Chile, en cambio, ha mantenido una presencia respetable pero modesta en la Antártica con bases científicas y logísticas que honran el Tratado Antártico, y eso está bien, pero carecen de la escala y la dualidad estratégica que exige el siglo XXI. En estos días, cuando se discute lo complejo que resulta disponer de petróleo y gas natural ante conflictos bélicos como el de Irán-Israel/USA, la dependencia del Medio Oriente pone en evidencia nuestras vulnerabilidades energéticas. Una proyección antártica robusta no solo fortalece la soberanía, sino que posiciona al país para enfrentar estos desafíos estratégicos en el futuro.

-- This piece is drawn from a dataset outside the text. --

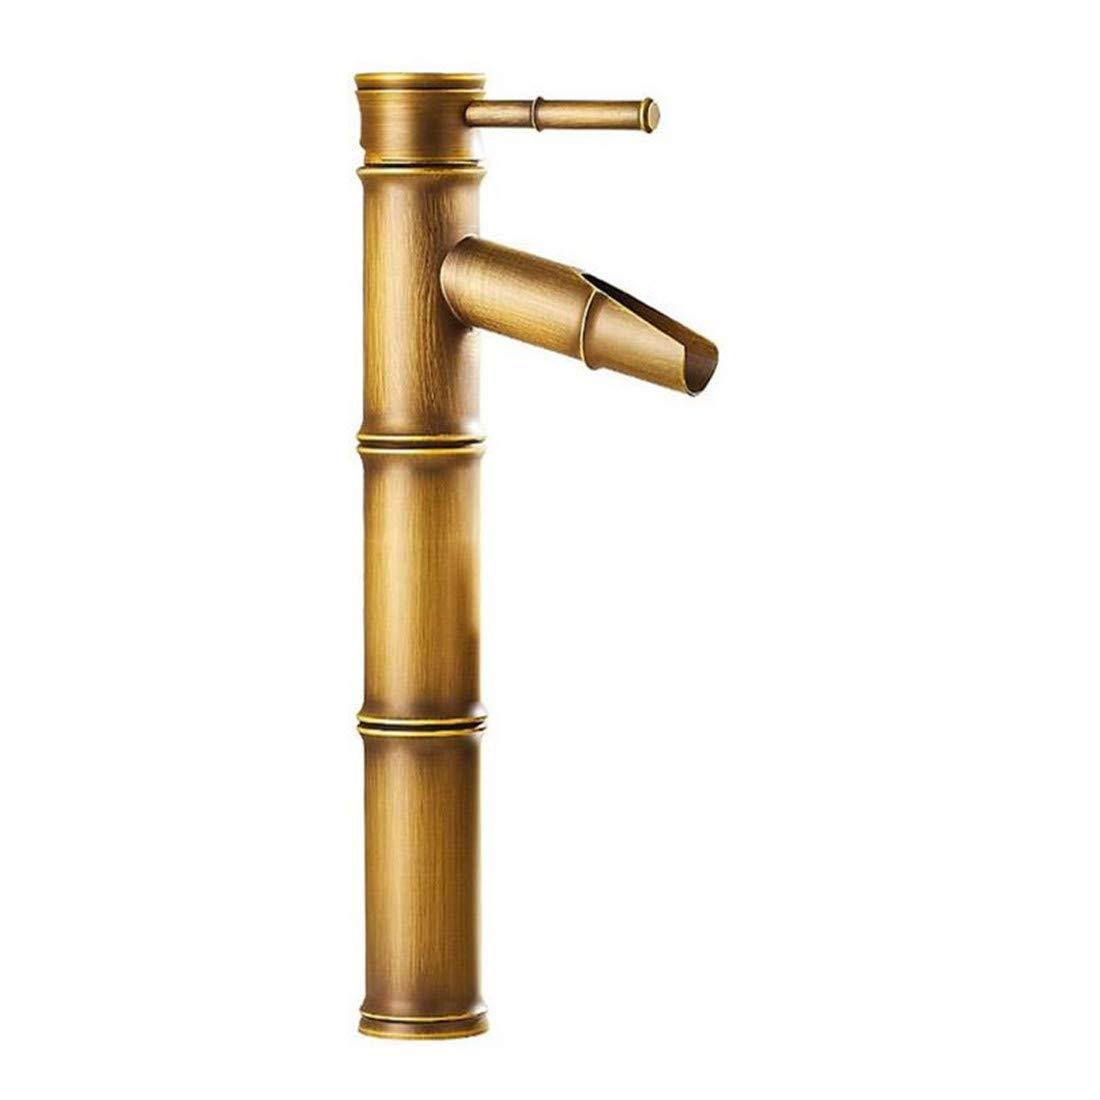 Kitchen Bath Basin Sink Bathroom Taps Sink Taps Bathroom Kitchen Sink Taps Hot and Cold Water Sink Faucet Ctzl2741

La exhortación es directa y sin eufemismos: Chile debe asumir un programa nacional de activos estratégicos, como lo hemos planteado en otras columnas de este medio (ver en el caso del Litio, Proyección de Chile en la estrategia del Litio), que considere la Antártica. No se trata de militarizar el continente blanco (por cierto, el Tratado Antártico de 1959 lo impide), sino de construir capacidades duales inteligentes. Rompehielos de nueva generación (incluyendo unidades polares con propulsión avanzada), rehabilitación y ampliación de bases con infraestructura modular para investigación científica y apoyo logístico permanente, y asentamientos temporales que permitan presencia continua. Todo ello sustentado en el desarrollo de capital humano preparado como eje central. Necesitamos formar, en universidades, academias militares y centros de excelencia, a geólogos polares, oceanógrafos, ingenieros logísticos, especialistas en derecho internacional polar, analistas geopolíticos y oficiales navales y aéreos con entrenamiento en operaciones extremas. Un programa que integre al Ejército, la Armada, la Fuerza Aérea y el sector civil, con becas, simuladores y alianzas internacionales selectivas. Si Chile no cuenta aún con la tecnología requerida, puede adquirirla en el mercado internacional, siempre asegurando la transferencia de conocimiento que permita impulsar el desarrollo propio proyectado en los próximos años.

Todo lo que le comento es parte de una necesidad para un país emplazado en el Asia-Pacífico, y para nada es algo alarmista o sensacionalista. Chile controla el Estrecho de Magallanes y el Paso Drake, puertas naturales hacia el Pacífico Sur, pero sin proyección antártica robusta, esa posición geográfica pierde profundidad estratégica. En un Indo-Pacífico donde China, Estados Unidos, y otras potencias medias como Australia y Francia compiten por influencia polar, Chile puede —y debe— convertirse en facilitador logístico y garante de estabilidad. La Antártica como se puede apreciar es la plataforma desde la cual proyectamos poder blando y duro hacia el océano que según el consenso de los más habilitados en esta materia, definirá el siglo.

El gobierno actual no debe descuidar este tema crucial. Recuperar el legado de Cañas Montalva y von Chrismar implica actualizar las necesidades al momento actual con absoluta conciencia de lo que ello significa. Chile cuenta con historia, posición geográfica y voluntad institucional, estaría faltando la decisión política de invertir en el desarrollo de sus activos estratégicos emplazados en la zona pero sobre todo, en su gente. Si actuamos ahora, con visión de Estado y no con cortoplacismo, también encontraremos puntos comunes donde el espectro político se una frente a un desafío país, la tricontinentalidad del Pacífico Austral no sólo defendería su soberanía antártica, sino que la convertiría en palanca de influencia global. El hielo se derrite, lamentable, con ello una coyuntura no esperada pero donde asoman renovadas oportunidades.